▶ TASK BRIEF
Starting at the line with "Geco Sportswear Fußballtrikot" and ending at the line with "Enchanting Wood Elf", print exactly the lines of the entries below. Pictures do not belong in the copy.

▶ DATA SECTION
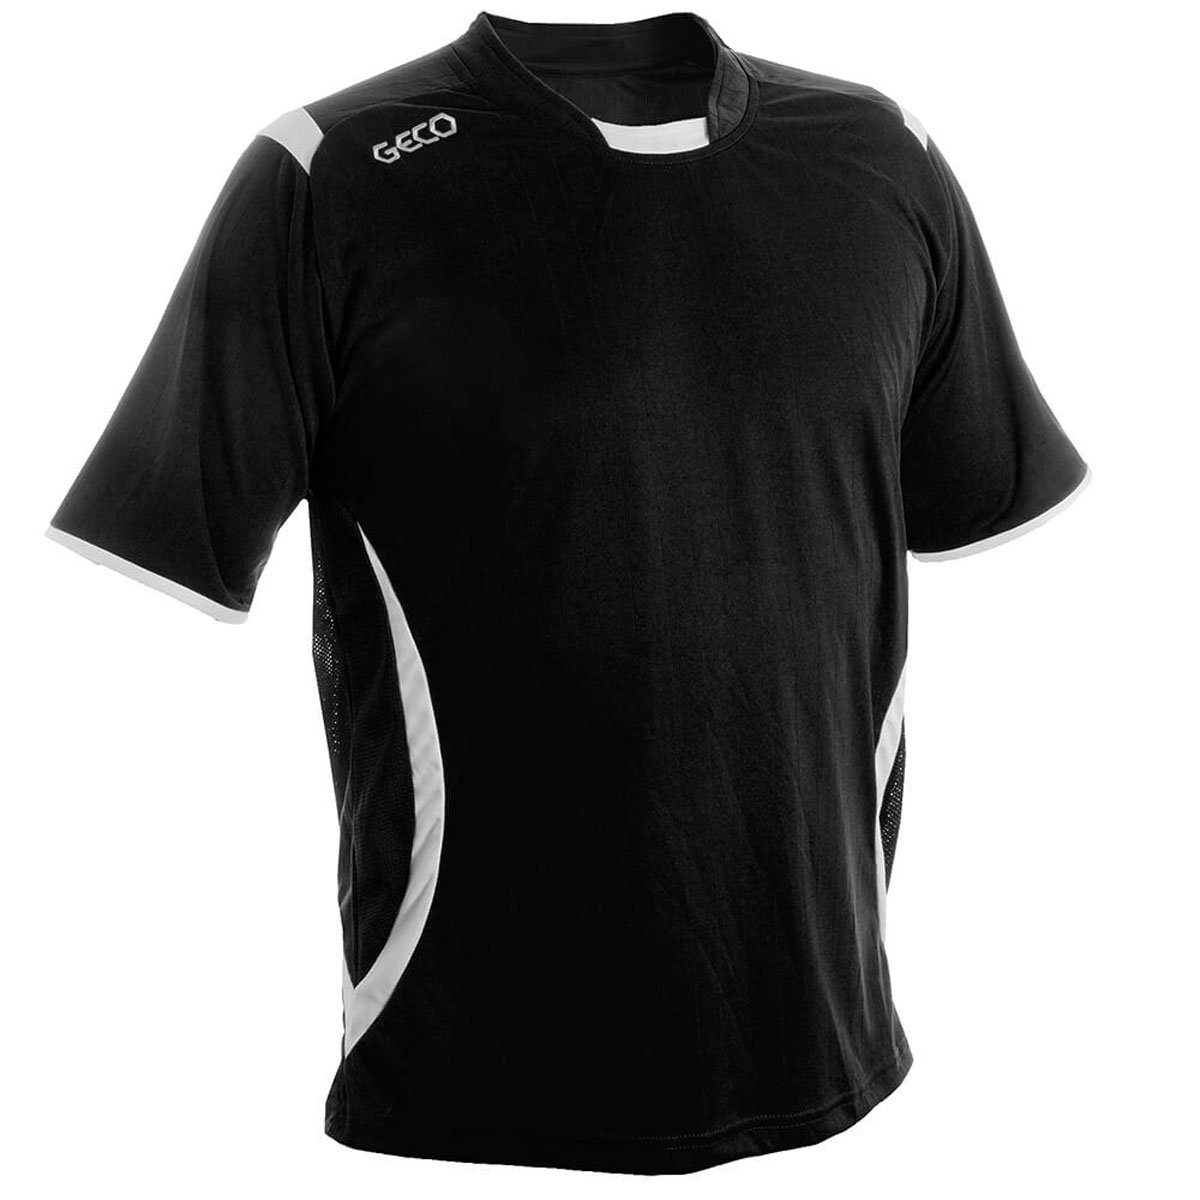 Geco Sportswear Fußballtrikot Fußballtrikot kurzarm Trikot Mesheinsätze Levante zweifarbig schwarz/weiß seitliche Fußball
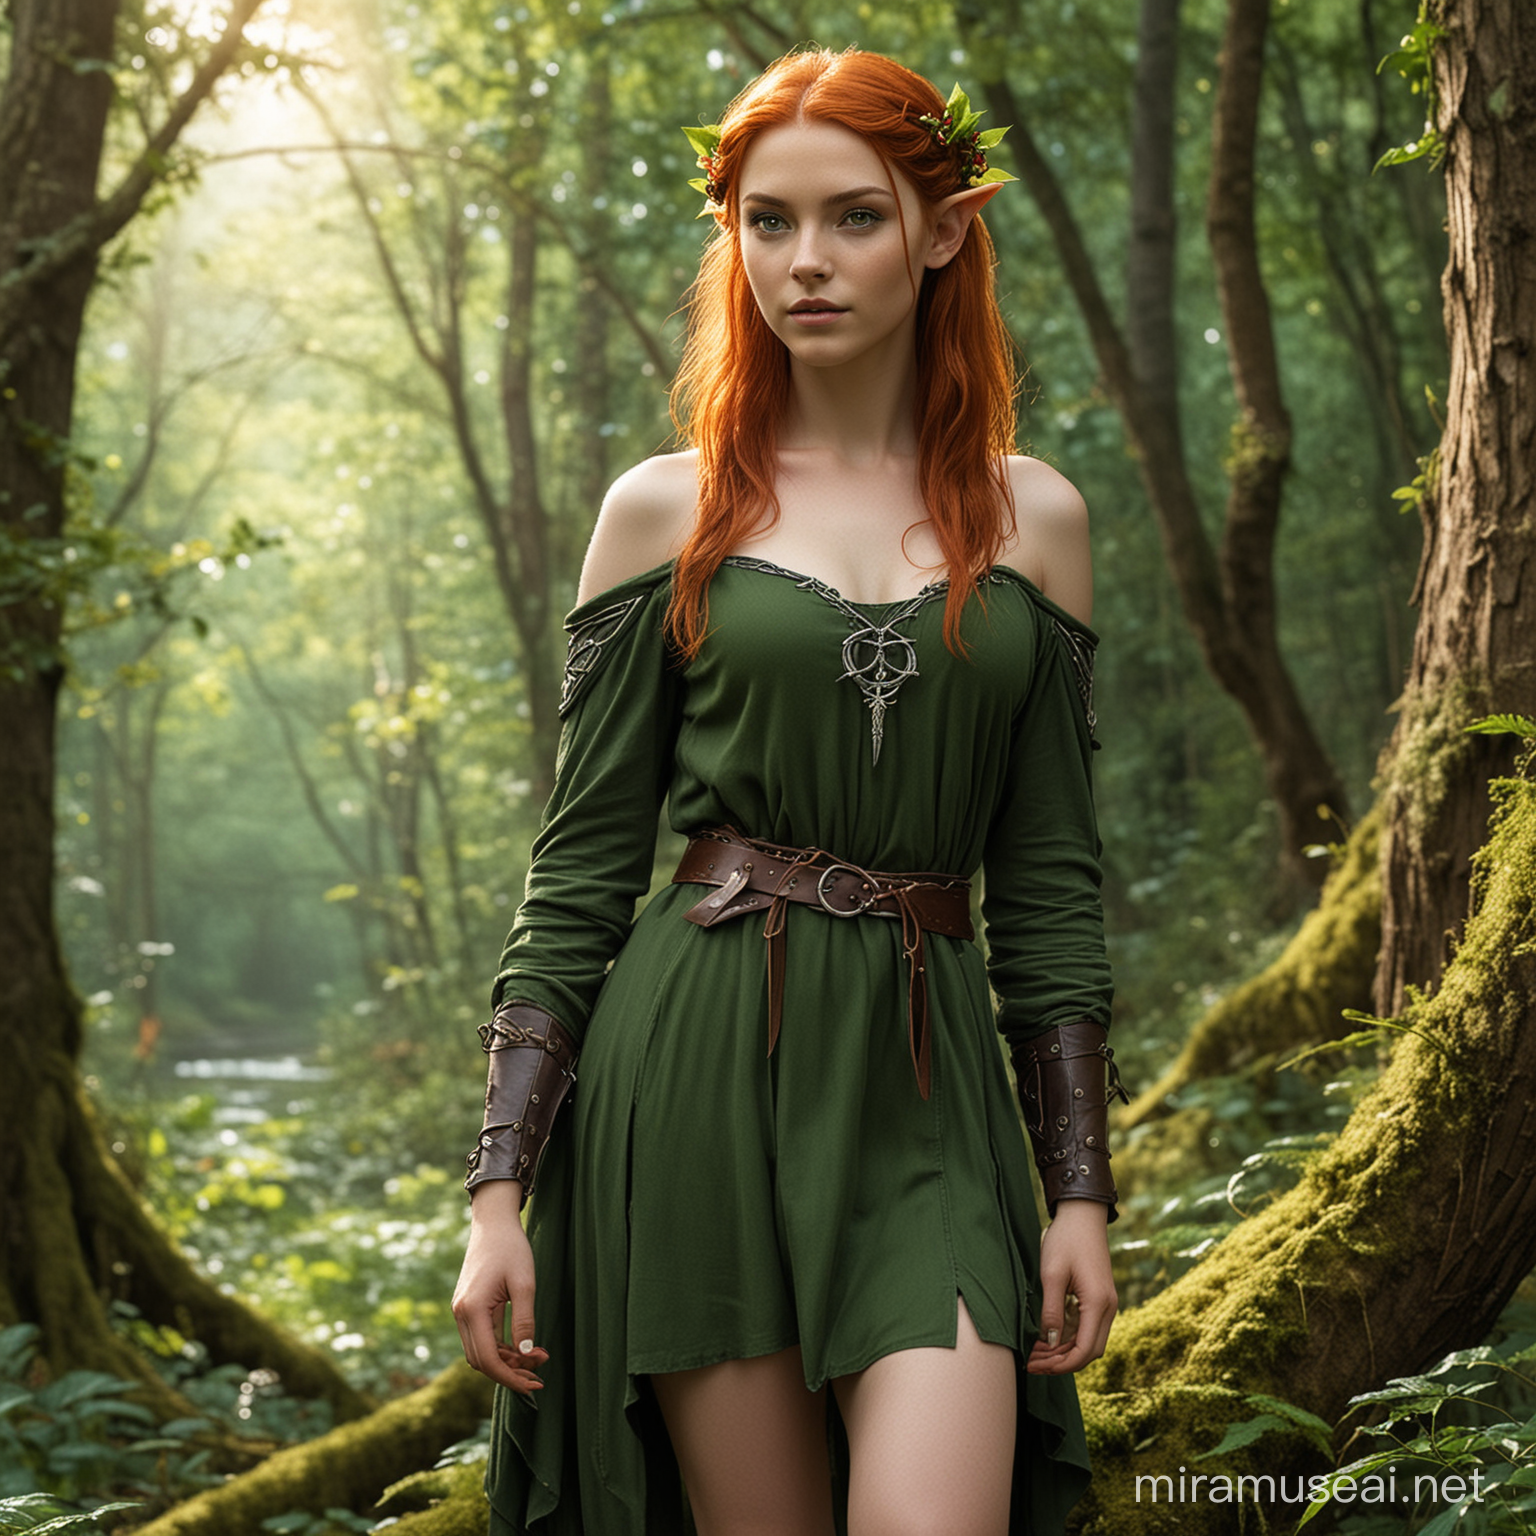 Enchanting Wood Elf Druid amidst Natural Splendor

---

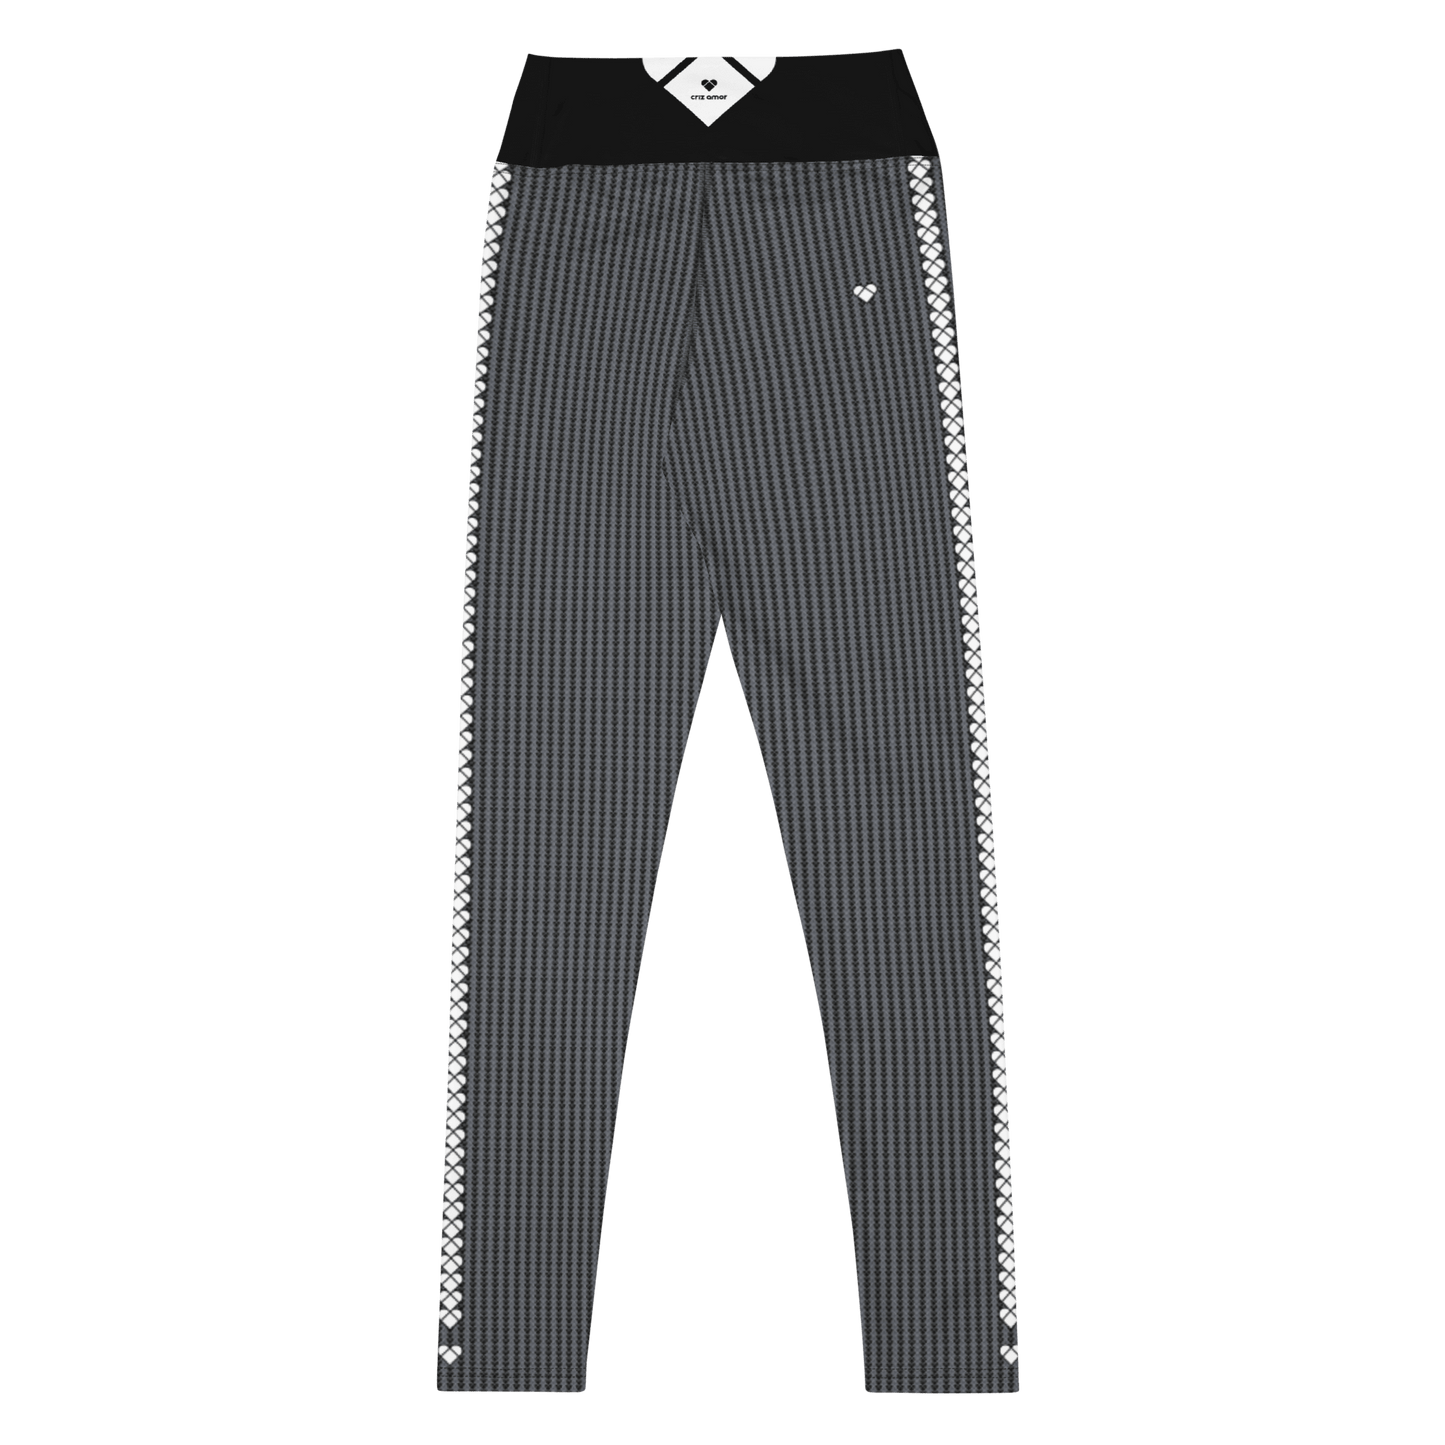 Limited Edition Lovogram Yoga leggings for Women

▶ WRITTEN ANSWER
 Geco Sportswear Fußballtrikot Fußballtrikot kurzarm Trikot Mesheinsätze Levante zweifarbig schwarz/weiß seitliche Fußball
 Enchanting Wood Elf Druid amidst Natural Splendor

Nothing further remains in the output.